第12章 毫无底线可言 惊鸿镜:她的裙臣遍天下
两名手脚轻捷的內侍上前,小心而恭敬地搀扶起裹著绒毯、怀抱几册医书的司星悬。
“司星公子,请上轿。”
殿內烛火隨著锦帘掀起的气流,不安地摇曳了一瞬,旋即恢復如常。
司星悬立在门边,並未立刻离去。
他微微侧首,鸦青的睫羽在苍白面容上投下浅淡的阴影。
那双雨过天青的眸子映著跳动的暖光,却深不见底,如同蕴藏著星云的寒潭。
他唇角勾起一抹极淡的弧度,声音轻得像一片羽毛拂过冰面,却又清晰无比地钻进棠溪雪的耳中:
“棠溪雪,你是第一个招惹了本公子,还能……暂且全身而退的人。”
他的声音里听不出喜怒,有一丝被勾起的兴味。
那张过分漂亮的俊顏,在廊下宫灯与室內烛火交织的光晕里,的確美得不似凡人。
甚至比窗外那轮清冷的孤月更摄人心魄,也更危险。
他似乎从不亏待自己,方才盖在膝上御寒的小毯,此刻也妥帖地拢在臂弯,丝毫没有跟棠溪雪客气的意思。

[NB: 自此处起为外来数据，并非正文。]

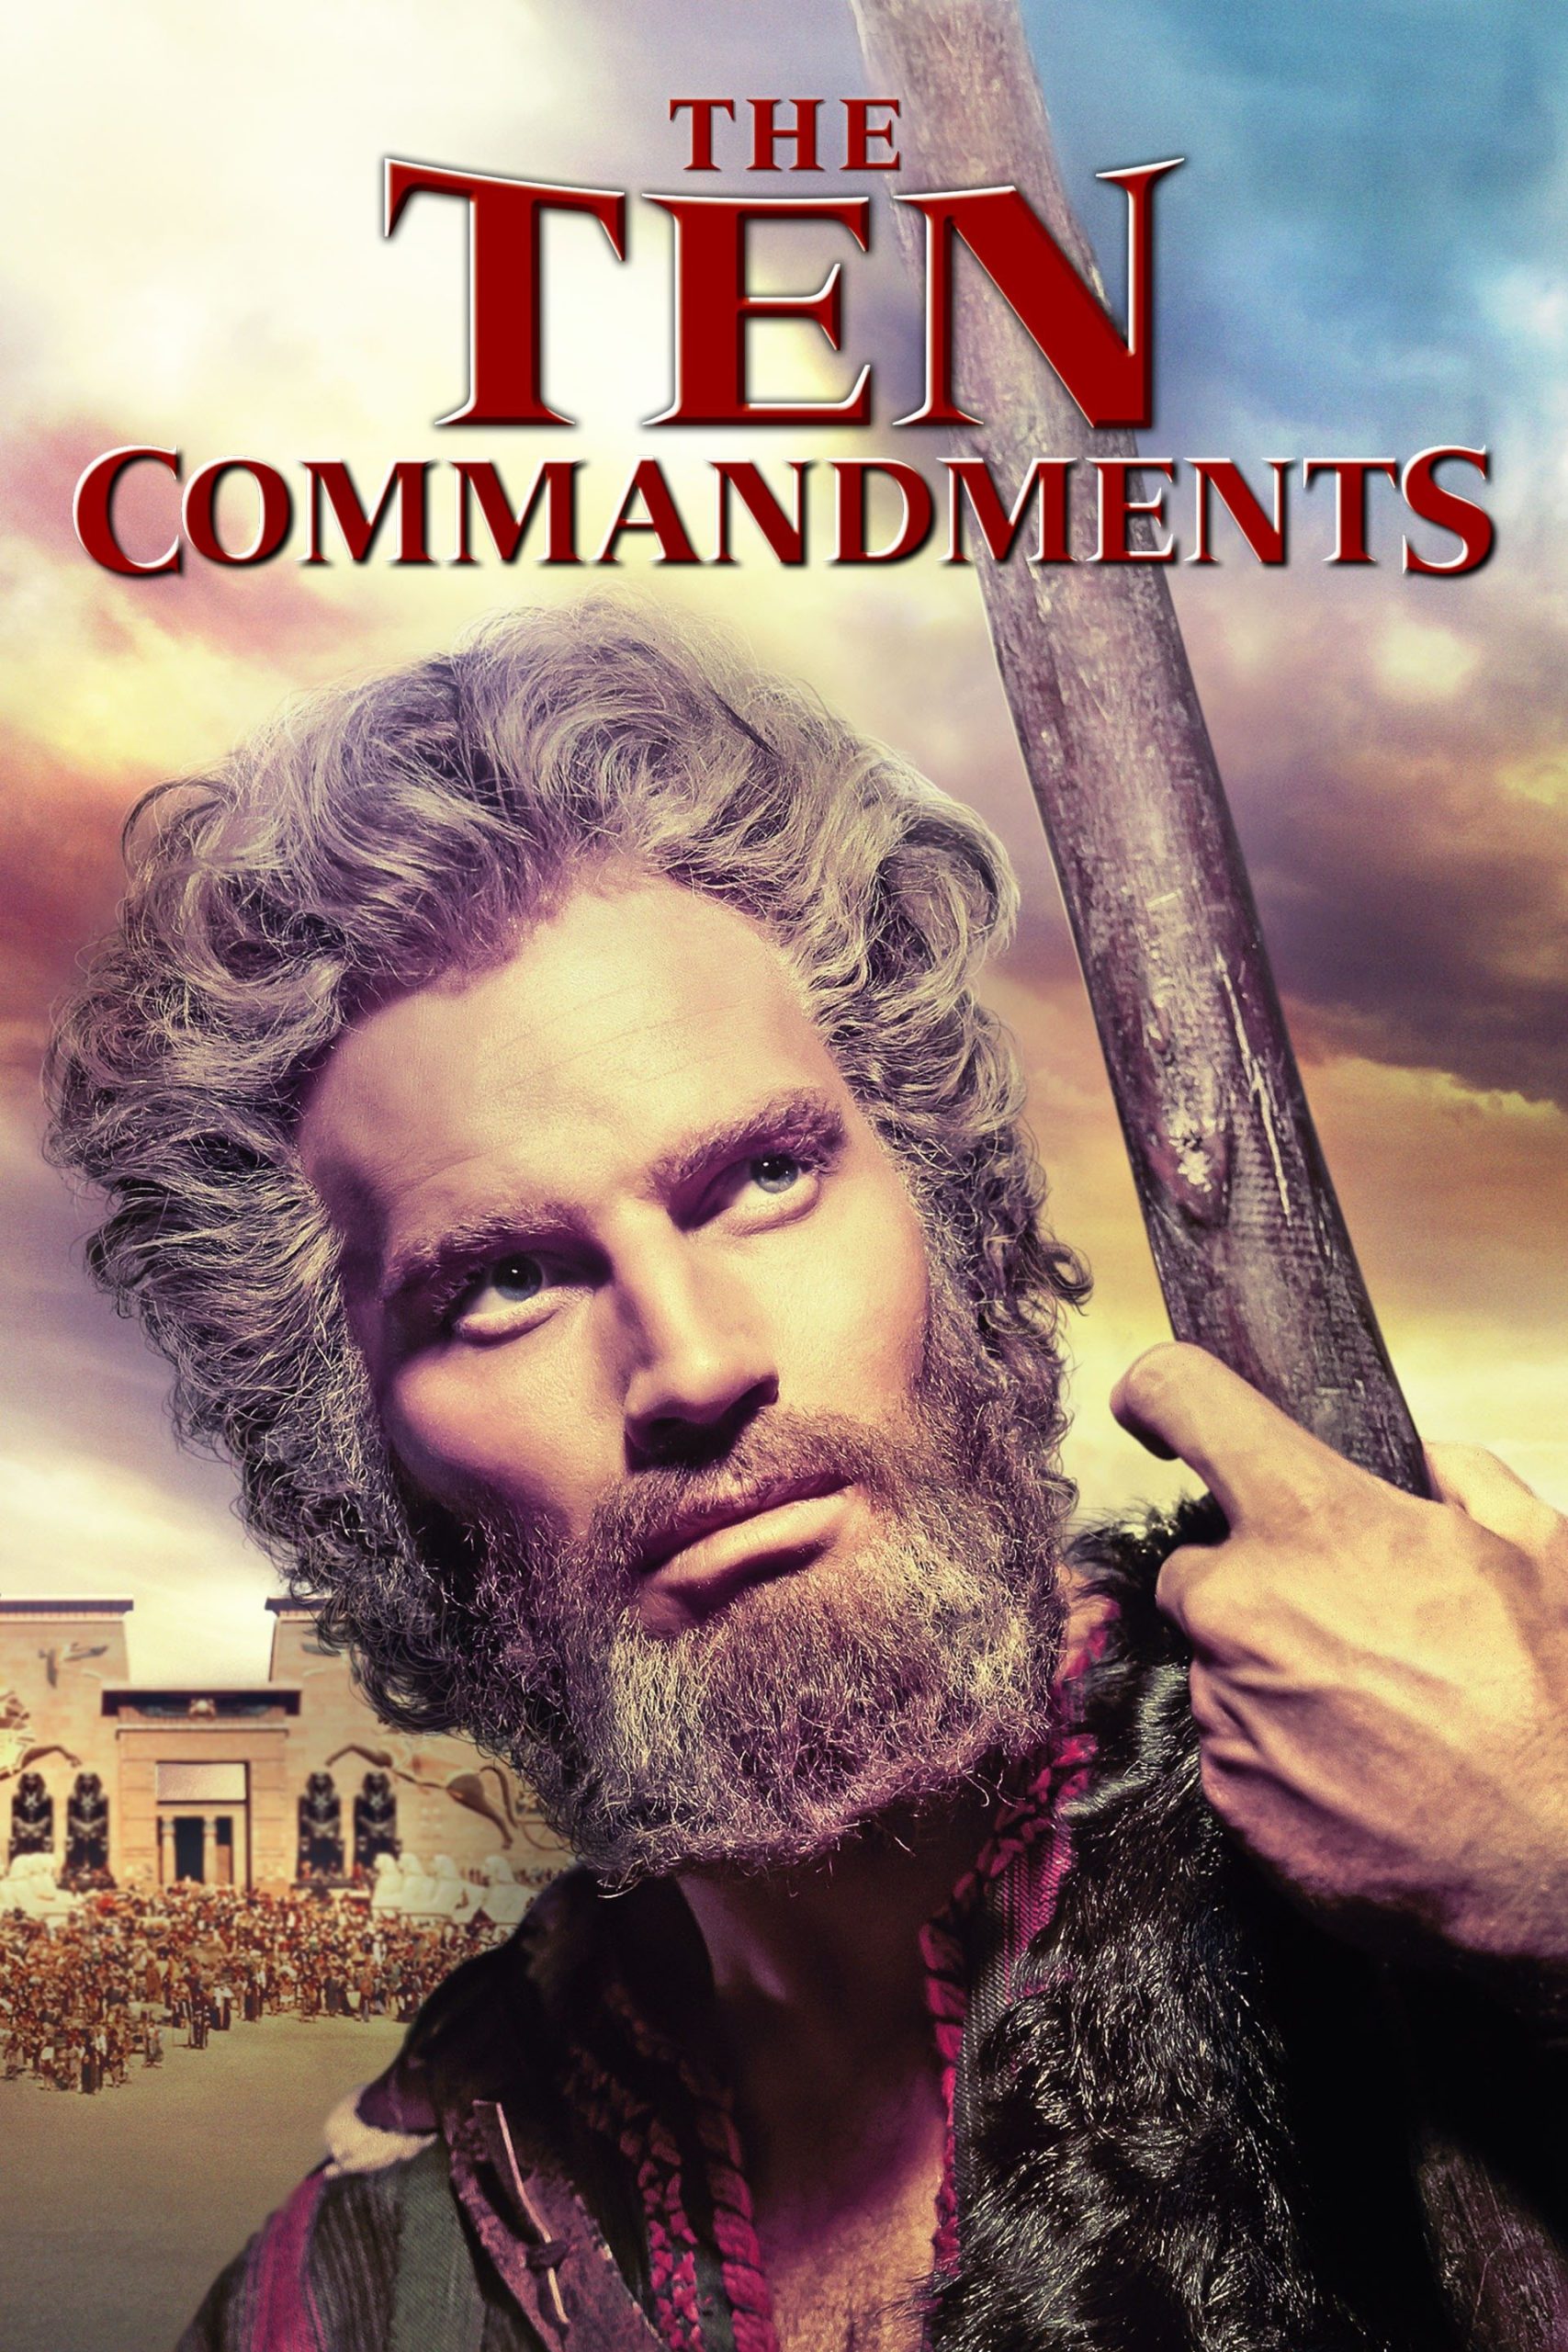 the ten commandments พากย์ไทย เต็มเรื่อง Full HD 24 ช.ม.
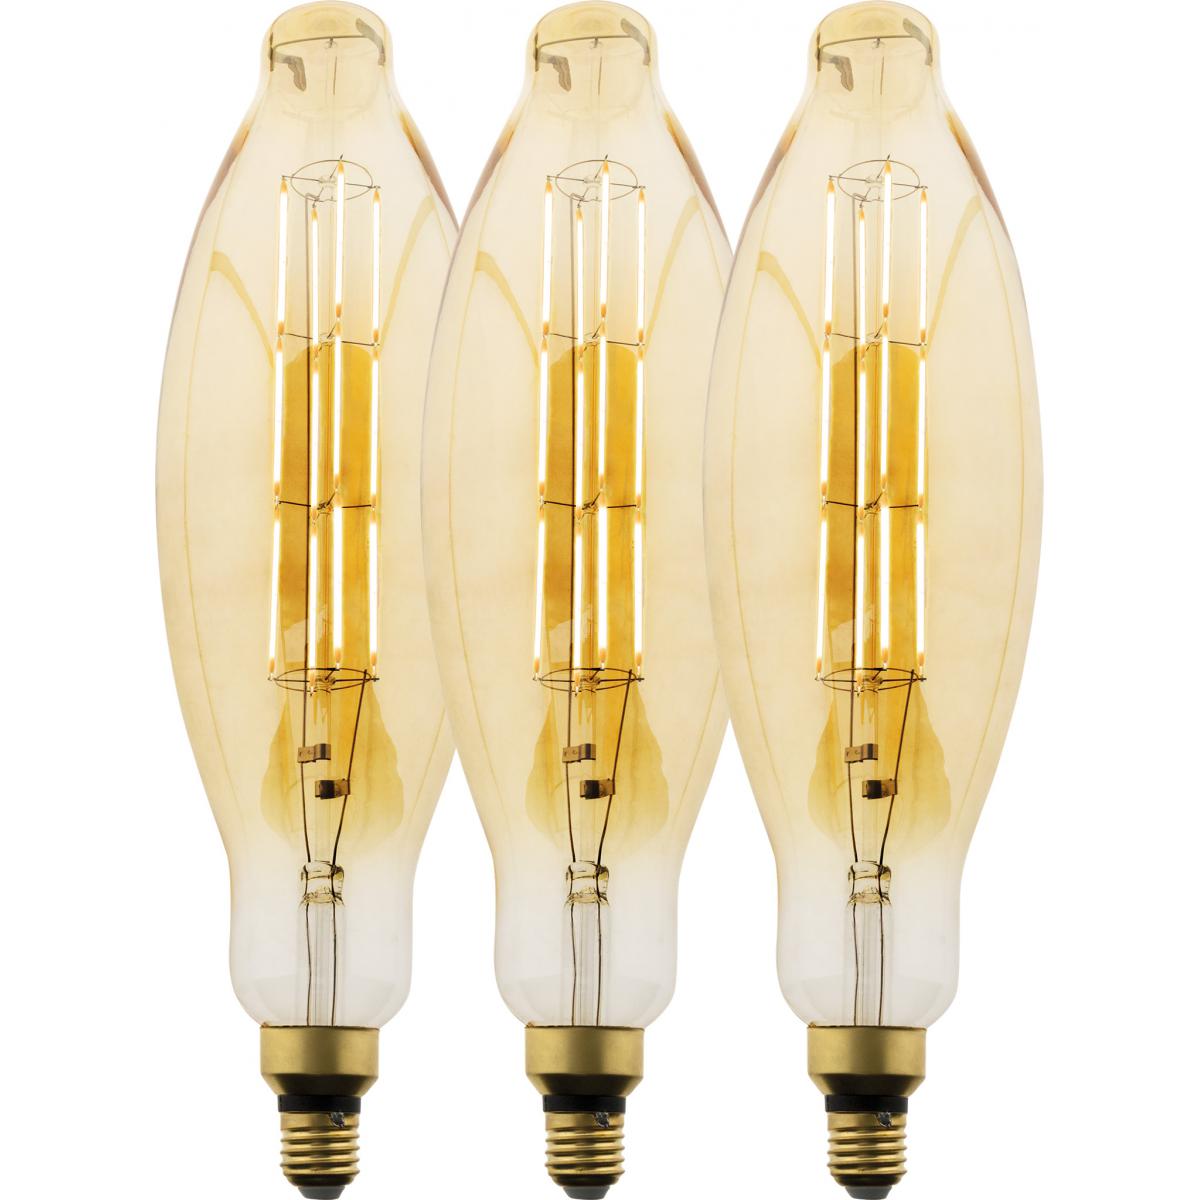 Elexity - Lot de 3 ampoules LED Filament Géante Tube - 5W E27 350lm 2500K (Blanc chaud) - Ampoules LED

棠溪雪拢了拢肩上微滑的披风,指尖触及微凉的锦缎,面上却依旧是那副淡然的模样,甚至带点无所谓的慵懒。
她迎著他莫测的目光,轻轻开口,呼出的气息在空中凝成一团白雾:
“那便……算我命硬吧。”
她是真心觉得,这位名动九洲的折月神医,大抵是集“病气”、“娇气”与“疯气”於一身。
偏偏这气质落在他身上,被那身云水綃与星月之姿一衬,竟诡异地糅合成一种令人心悸的魅力。
“哈。”
司星悬低笑了一声。
他朝她的方向微微倾身,几缕未束的髮丝垂落,声音压得更低,带著一种近乎耳语的亲昵,吐出的字句却淬著寒:
“可不是命硬么?”
“招惹遍九洲天骄,成了人人喊打的公敌,还能在长生殿逍遥快活。”
“棠溪雪,你这命,简直比镇山河的星陨石还硬。”
他直起身,最后瞥了她一眼,那眼神如同观测星轨时,发现了一颗不守规矩、肆意乱窜的流星。
好奇,评估,並等待著它下一刻就会燃烧殆尽的景象。
“本公子,拭目以待。”
话音落下的瞬间,侍立门外的宫人已恭敬地打起厚重的锦帘。
霎时,凛冽的风裹挟著碎雪的气息,如同挣脱束缚的寒兽,呼啸著涌入温暖的殿阁,衝散了满室暖香,也吹得棠溪雪颊边几缕髮丝飞扬。
司星悬不再停留,低头,从容步入那顶早已候在阶下、垂著厚密锦帘的温暖轿輦。
轿帘在他身后落下,轿輦被稳稳抬起,碾过宫道上新铺的尚未被践踏过的洁白积雪,发出咯吱轻响,朝著宫城麟台方向,迤邐而去。
“司星公子,慢走。”
棠溪雪站在原地,甚至向前踱了半步,停在门槛內,朝著那远去的轿輦轮廓,轻轻挥了挥手。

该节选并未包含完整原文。